=== What the task asks ===
In the listing below, locate the line with "The barn watchers" and the line with "#farmcats #barncats #barncat #farmcat", then output both and everything between them exactly, minus any pictures.

=== Records for the exercise ===
<<<<

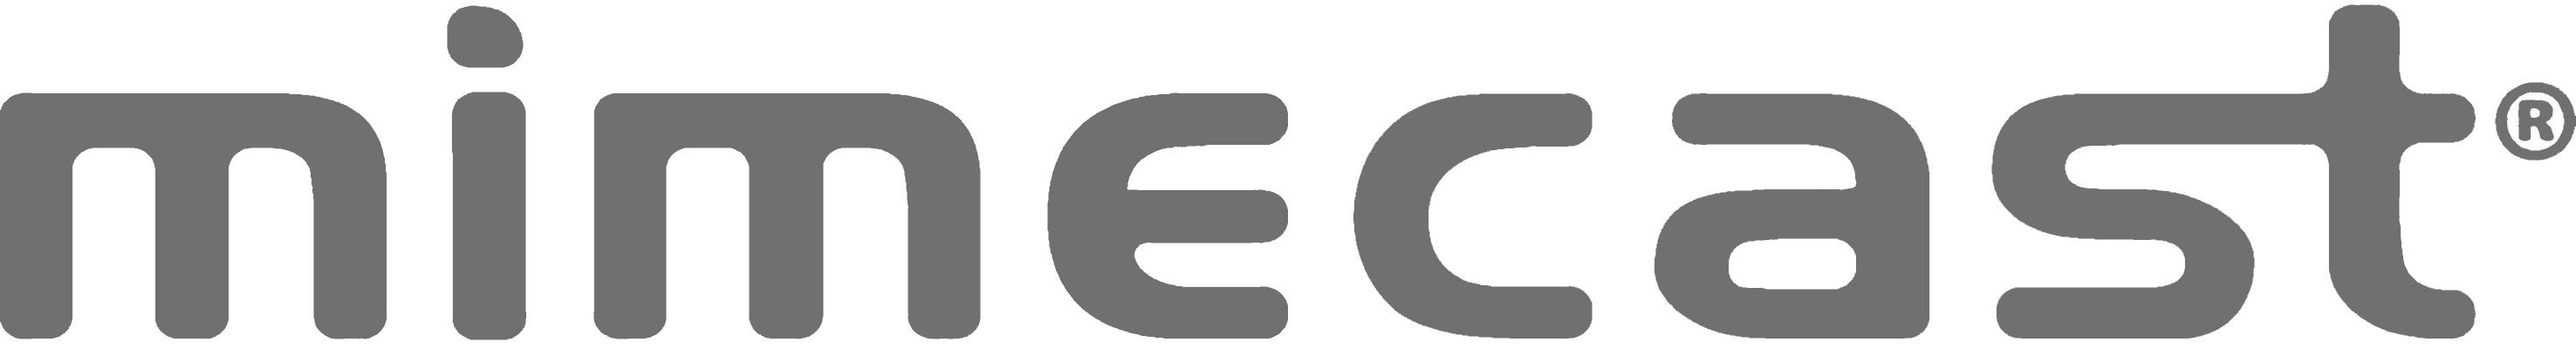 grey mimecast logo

>>>>
<<<<

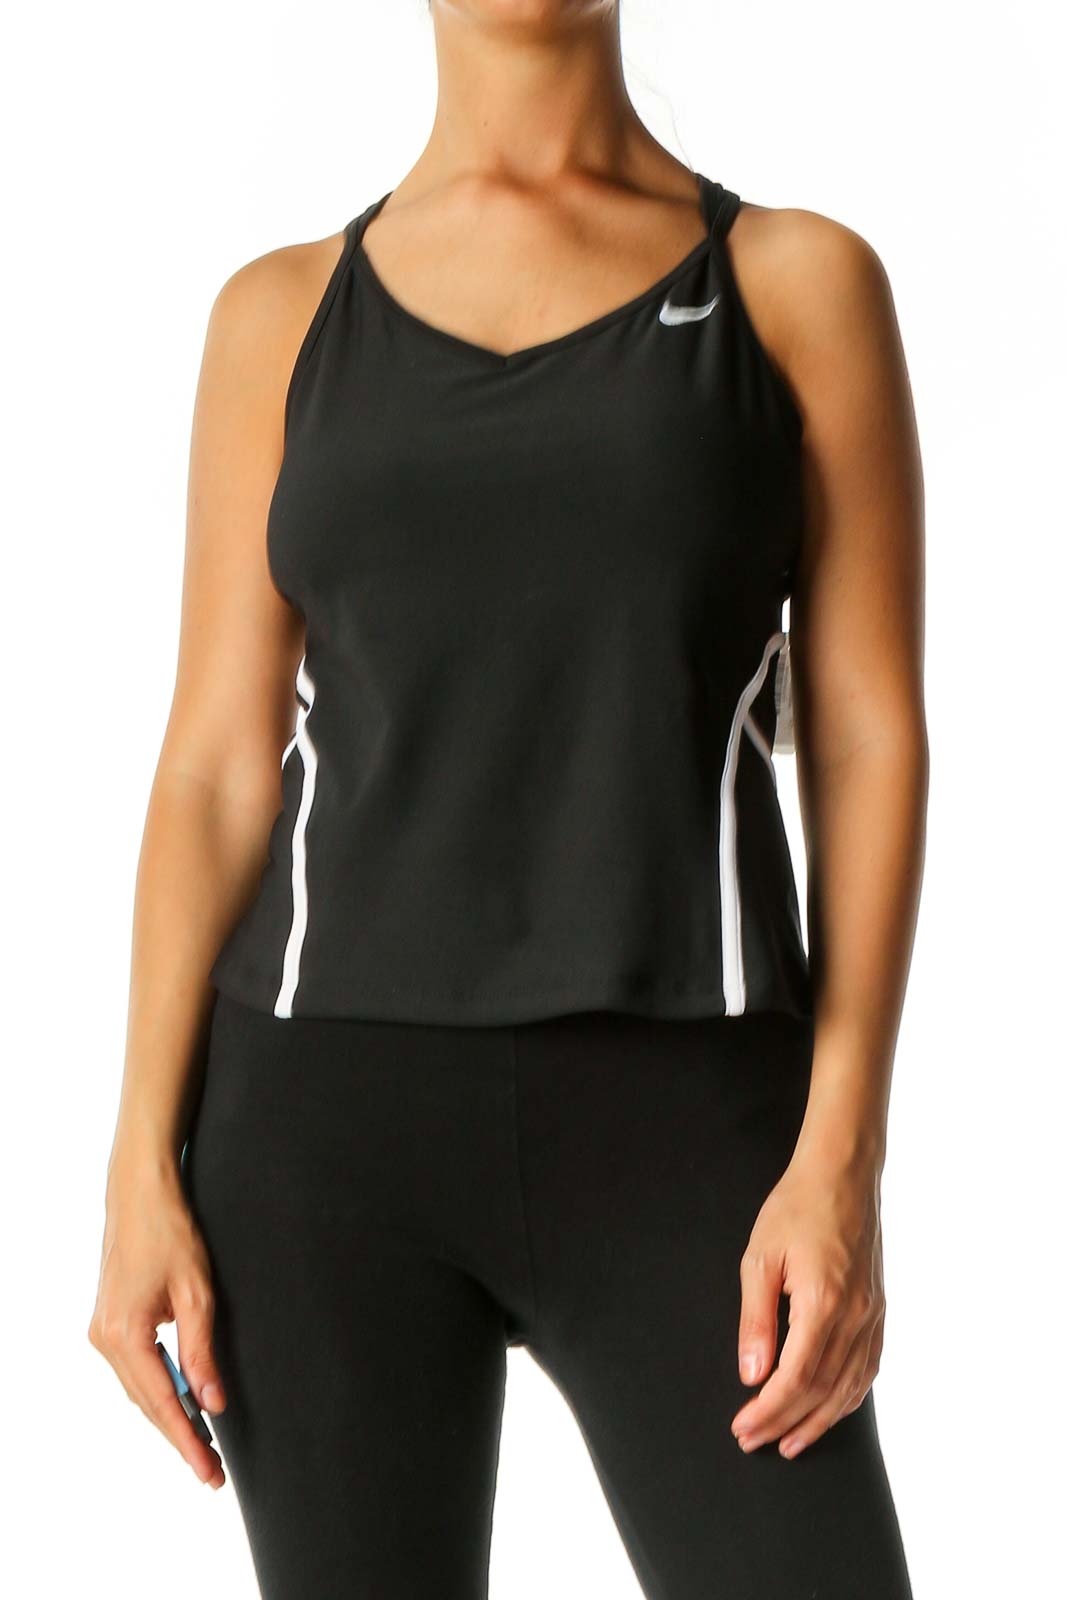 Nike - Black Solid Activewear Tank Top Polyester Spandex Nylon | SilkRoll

>>>>
<<<<

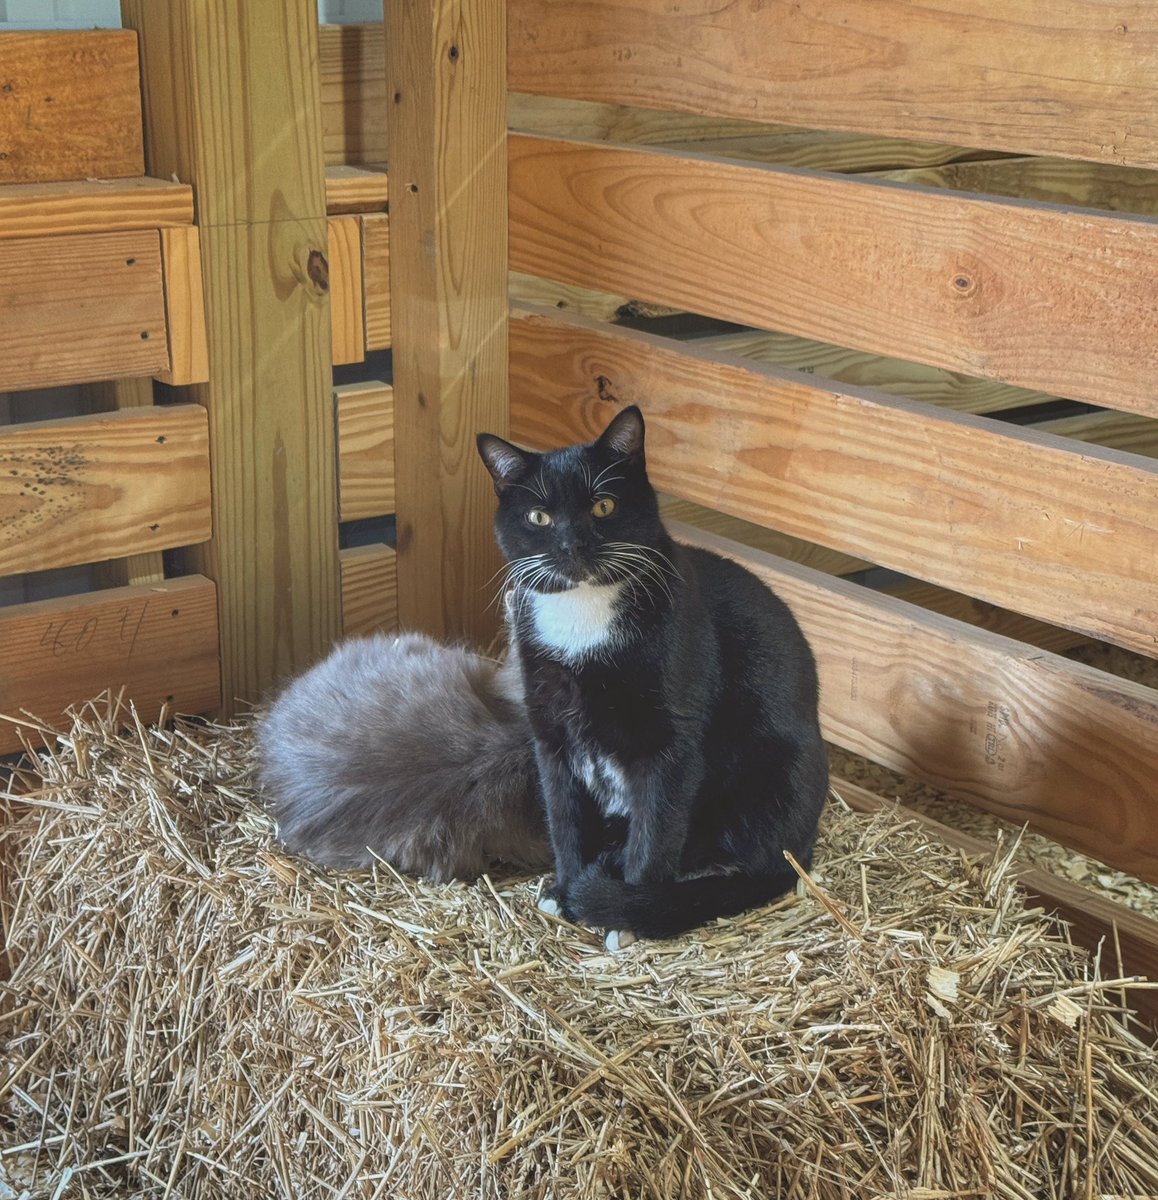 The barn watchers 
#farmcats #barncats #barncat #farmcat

>>>>

=== Result for this exercise ===
 The barn watchers 
#farmcats #barncats #barncat #farmcat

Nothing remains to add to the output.